== PROVIDED MATERIAL

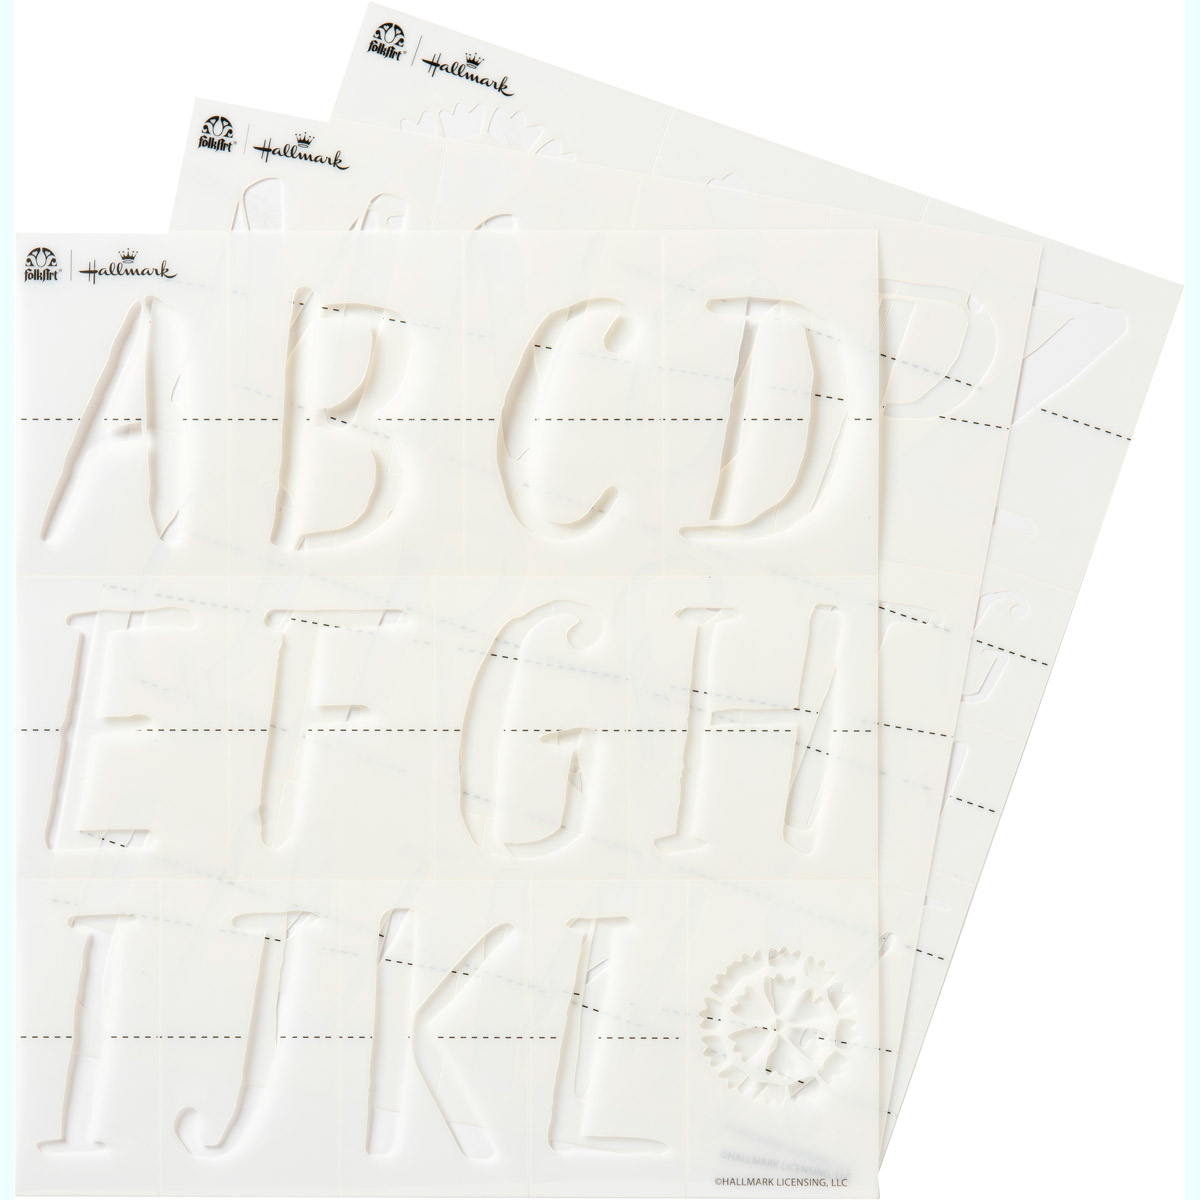 Hallmark Handcrafted Adhesive Stencils - Texture Font, 8-1/2
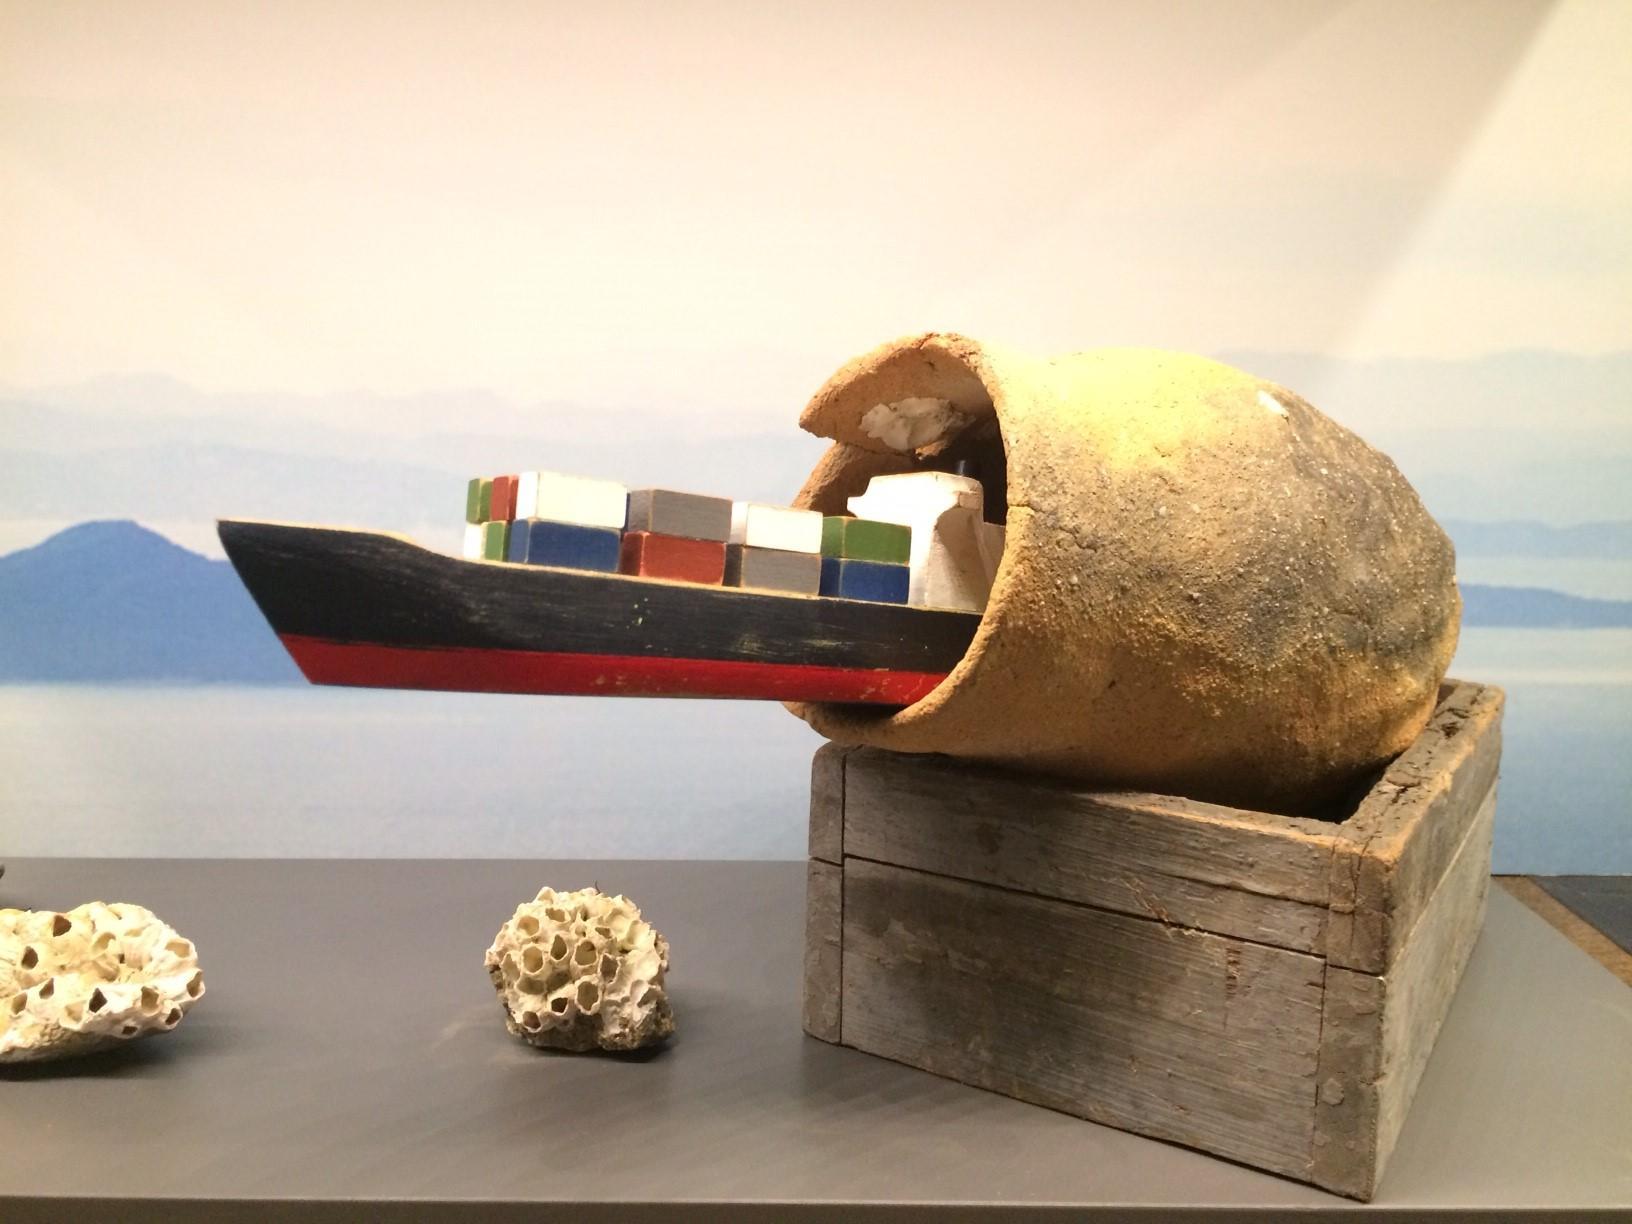 角文平が新作を出品中  「瀬戸内国際芸術祭」特別展示@Anjin
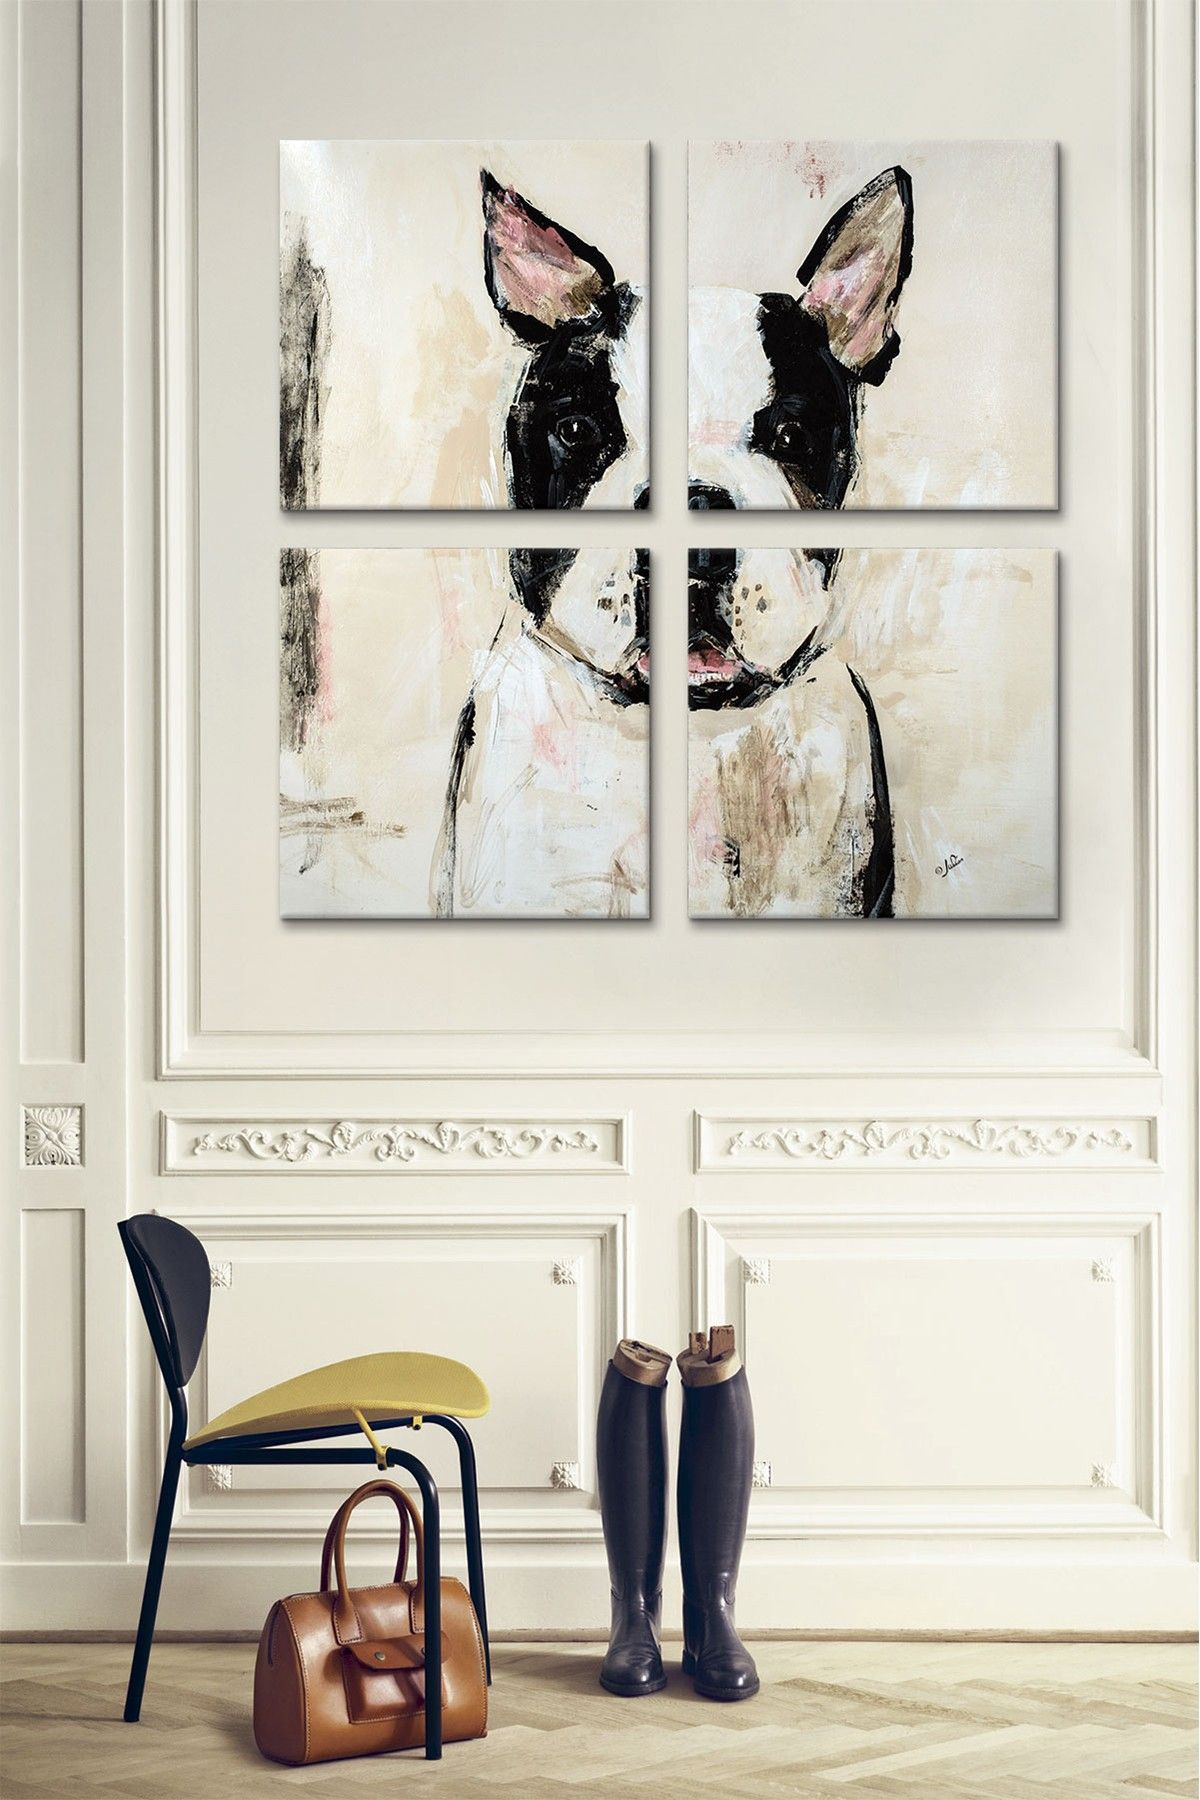 Cuadro / pintura / perro / dog picture / decoración / decor / Mediterranean Natural

====

• **WORK REQUEST**
Skip the images and set down the rest of the data unchanged.

• **REPLY TO THE TASK**
 Hallmark Handcrafted Adhesive Stencils - Texture Font, 8-1/2
 角文平が新作を出品中  「瀬戸内国際芸術祭」特別展示@Anjin
 Cuadro / pintura / perro / dog picture / decoración / decor / Mediterranean Natural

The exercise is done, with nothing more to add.